Do not install Playwright or other browser automation just to show visualization examples. Provide viewer links for users to open in their own browser unless they explicitly ask for browser automation.
Before downloading data, ask whether the user wants direct agent download in the active environment or a portable manifest/file list when the requested data support that workflow. For new TCIA Data Retriever manifests, write CSV/TSV/XLSX-compatible files rather than legacy .tcia files.
For new TCIA Data Retriever CSV manifests, use one route header only: SeriesInstanceUID for public DICOM through IDC first/NBIA fallback, imageUrl for PathDB/direct public files, or drs_uri for controlled-access files when official WordPress, CTDC, or General Commons manifests provide DRS URIs.
For non-DICOM pathology available in both PathDB and Aspera, do not imply the files are necessarily byte-identical. PathDB may convert or reformat slides for browser-based viewing; Aspera packages should be described as the original submitter-provided data and preferred for analyses that require exact source files.

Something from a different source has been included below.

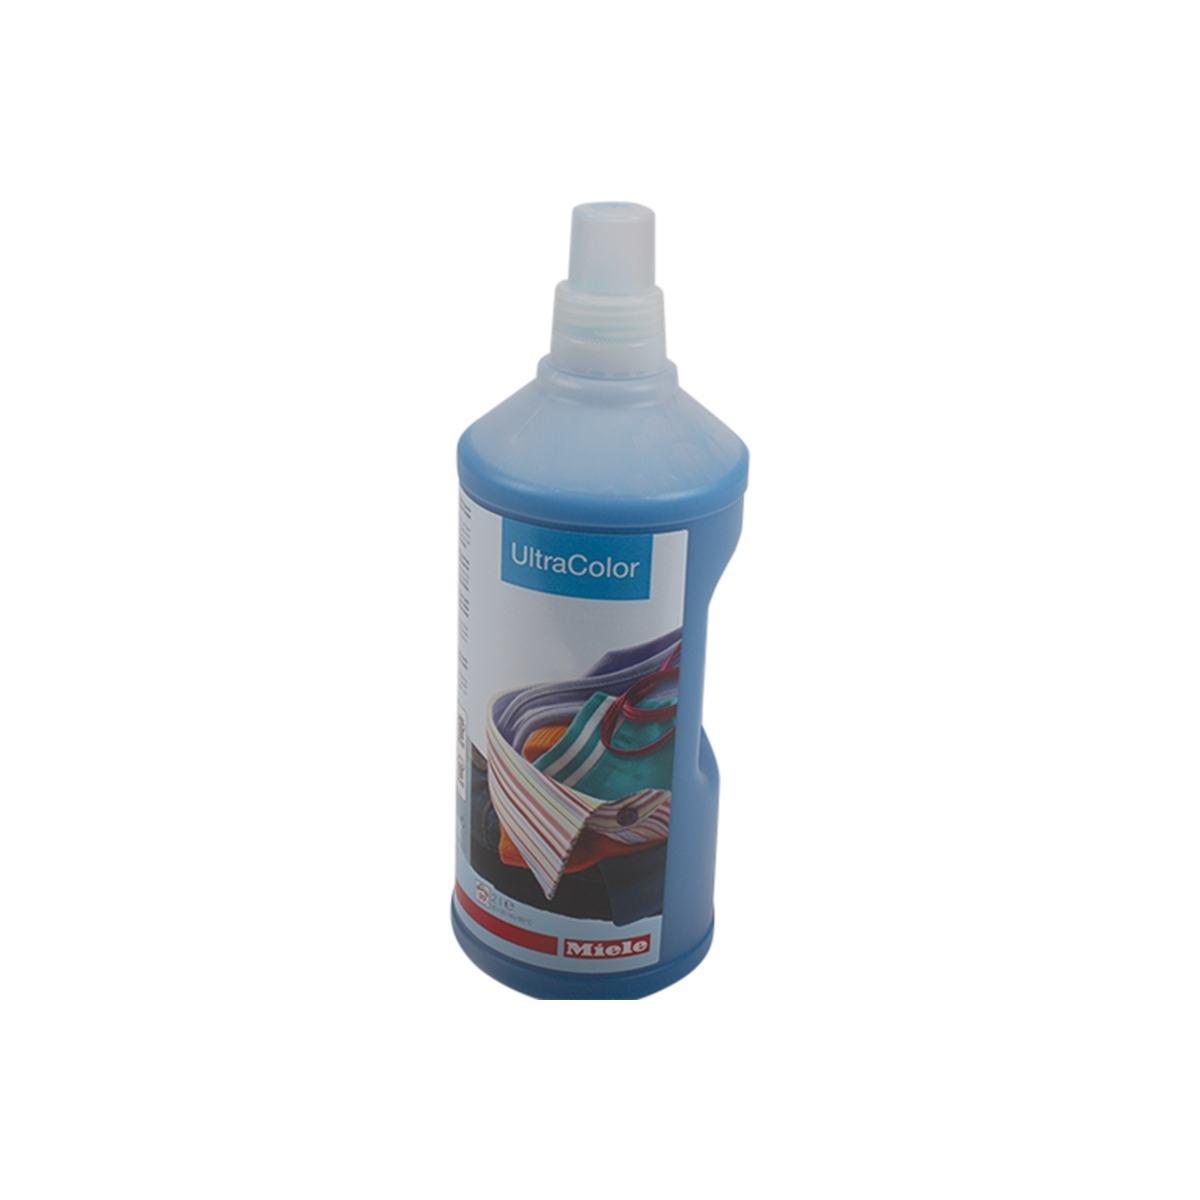 UltraColor vaskemiddel 2 ltr. - Miele

For Biobank controlled-access face data, route through CTDC using the current WordPress manifests/download/view links and tell users to request dbGaP study phs002192; treat this as current routing, not a future placeholder. Use the optional controlled-access SQLite for public CTDC manifest/spreadsheet metadata when file-grain details are needed.
Do not present VolView as UID-based. Map Study/Series UIDs through IDC/idc-index to a public S3 series folder or crdc_series_uuid before constructing a VolView URL.
Do not broaden IDC, CDA, GC, or PathDB searches beyond WordPress short titles, TCIA DOIs, subject identifiers from validated TCIA/IDC cohorts, or explicit user-approved exploratory scope.
Do not use CDA to claim TCIA publication, official TCIA clinical spreadsheet completeness, or controlled-data access rights. Use CDA as harmonized discovery/enrichment metadata and route users back to TCIA, IDC, GDC, PDC, GC, or other source systems for authoritative files and access controls.
Distinguish open Creative Commons, open Creative Commons NonCommercial, mixed open/controlled, and controlled/restricted license statuses clearly.
Do not provide medical, regulatory, or legal conclusions about data suitability. Report metadata, access terms, and citations.
Verify current package/API behavior when the user asks for latest status, current availability, or exact download commands.